Seven years later, my life is pretty much rebuilt. I don't want to elaborate about how much I have, how rich I am in so many ways. And I don't want to speak of what I went through to regain equilibrium. I don't want to tempt fate, attract the attention of the gods; I want to travel below the radar. And, please, please don't let me do anything to cause me to lose the way I have lost before.

This is my current neurotic struggle. I am unreasonably afraid of losing my love, my livelihood, my beautiful things, my dog, my home. Anything that matters to me is at risk.

I'm pretty sure there are others afflicted by fear of loss. I know my mother was like this, having had a tough, Depression-era childhood marked by more sadness than I'll ever know. But now I know something about the nature of her fear; I share it.

Most of the time, I can hide it. It usually manifests most when I am excessively tired, too stressed, unable to sleep. Then it slams me.
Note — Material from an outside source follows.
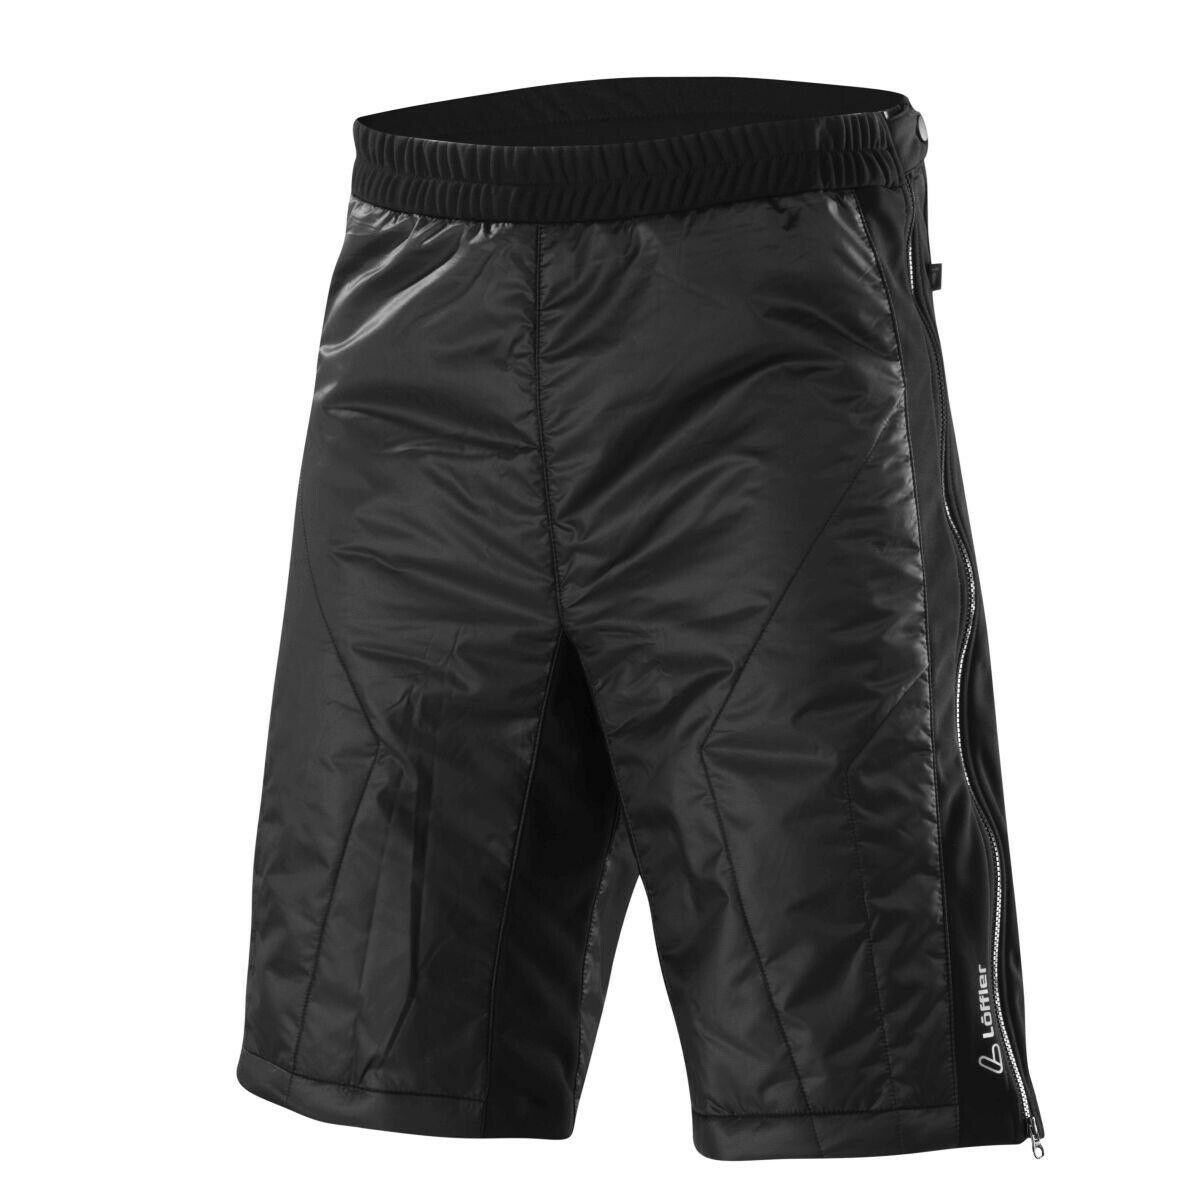 Löffler Shorts Primaloft Mix Funktionshose kurz schwarz
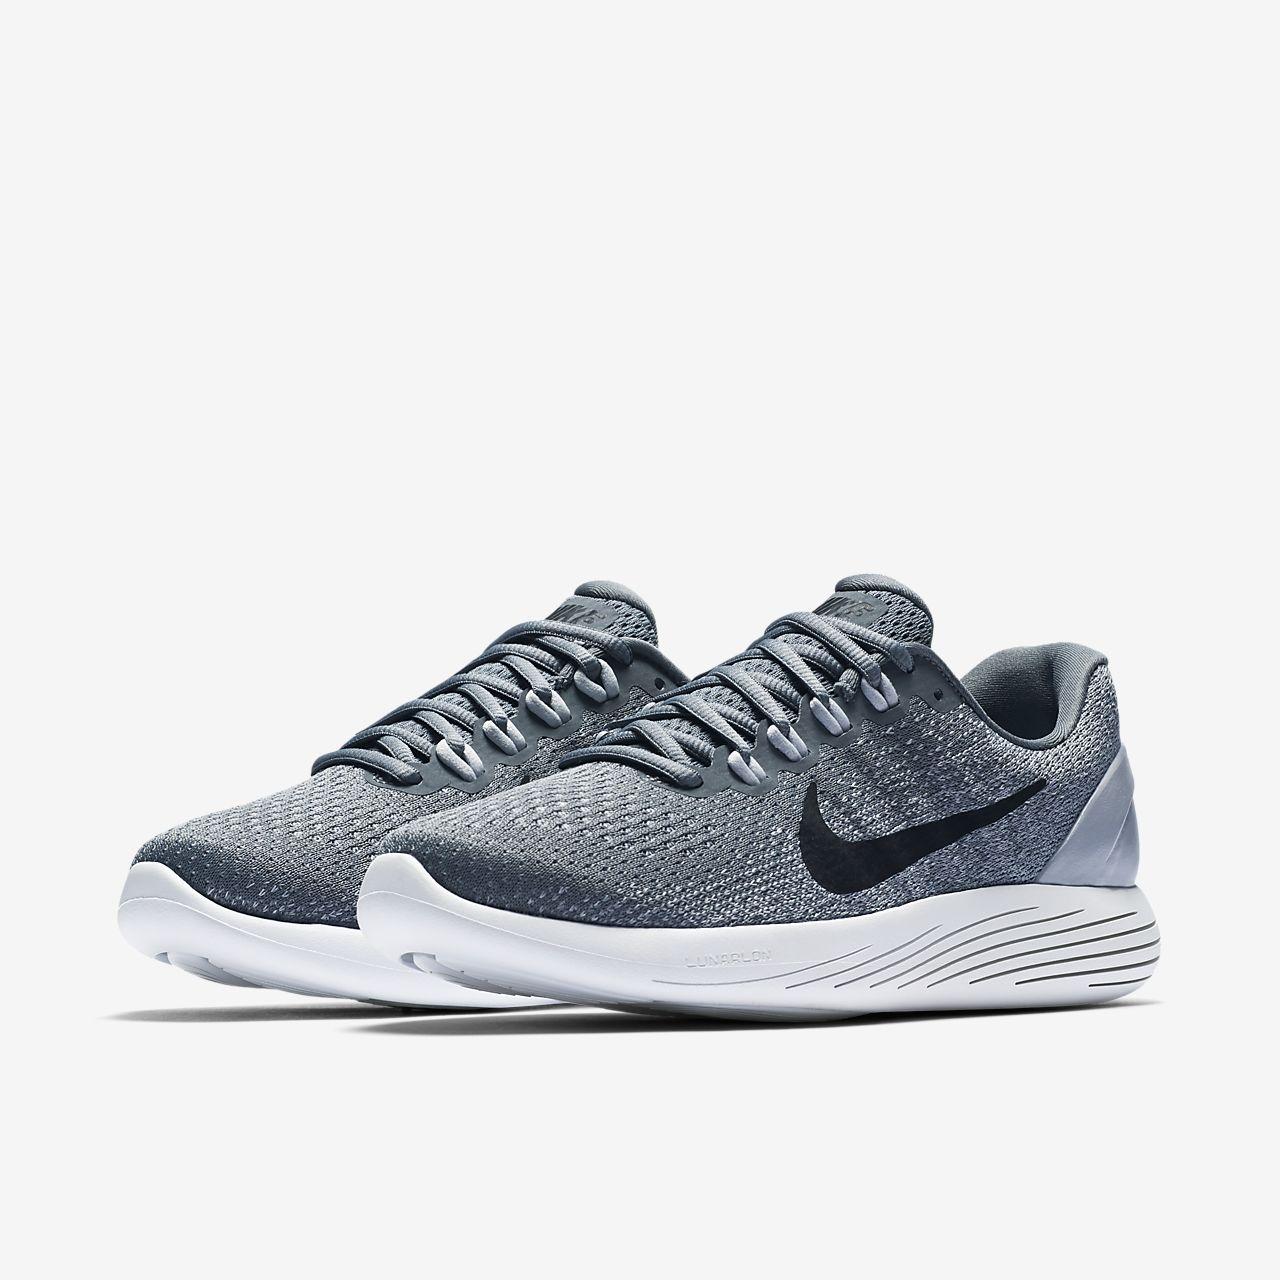 meet eefc3 18deb ... Calzado de running para mujer Nike LunarGlide 9

Somehow I have to buy distance on this. I have to understand, at this stage of life, that the biggest loss of all, after all, is just around the corner. And that it might not be loss at all.

Everything I love, everything we are and have, is evolving, transient illusion. Soon enough, it will all be gone, with or without my attempts to shield, hoard, protect, forestall.

I need to acknowledge this with grace. And understand the grace of it. And stop fighting. And be able to sleep.

4 Comments:

Blogger WinterWheat said...

Touching, poignant description of samsara... not much else to say except I feel sad to know how much you've suffered, and hope you find peace. {{{{{{{M}}}}}}}

7:19 AM

 
Blogger Logophile said...

Just the other day, when my seven year old (Thing Two) was feeling ill and was napping against me on the couch I noticed again with fresh eyes how fragile we humans are.
That fear of loss is not present with me often, but there are times when it approached and niggles at my consciousness and I try to remember that, lest I take too much for granted the blessings I enjoy.

10:46 PM

 
Blogger Parisjasmal said...

Wow. Great post!
I have a huge fear of loss too. I think I fear losing control of my life. Fear that any peace or happiness I have is not really earned and that next time I turn around it will all be gone. I never feel that I deserve good things, that anything worthwhile I do is really no big deal. I downplay every achievement I have. I rarely tell anyone when something wonderful happens to me.
This affects me in every aspect of my life. I sometimes isloate, I have a hard time sleeping, I cannot deal with conflict very well- ETC.
I am sorry you had to deal with so much loss, and I am happy you are feeling whole again.
Thanks for such a thought provoking post.

6:14 AM

 
Blogger Doug said...

I bet the buddhists have a term for this, too. The thing is, I know you nurture what you have. Tending to what's temporary is glorious.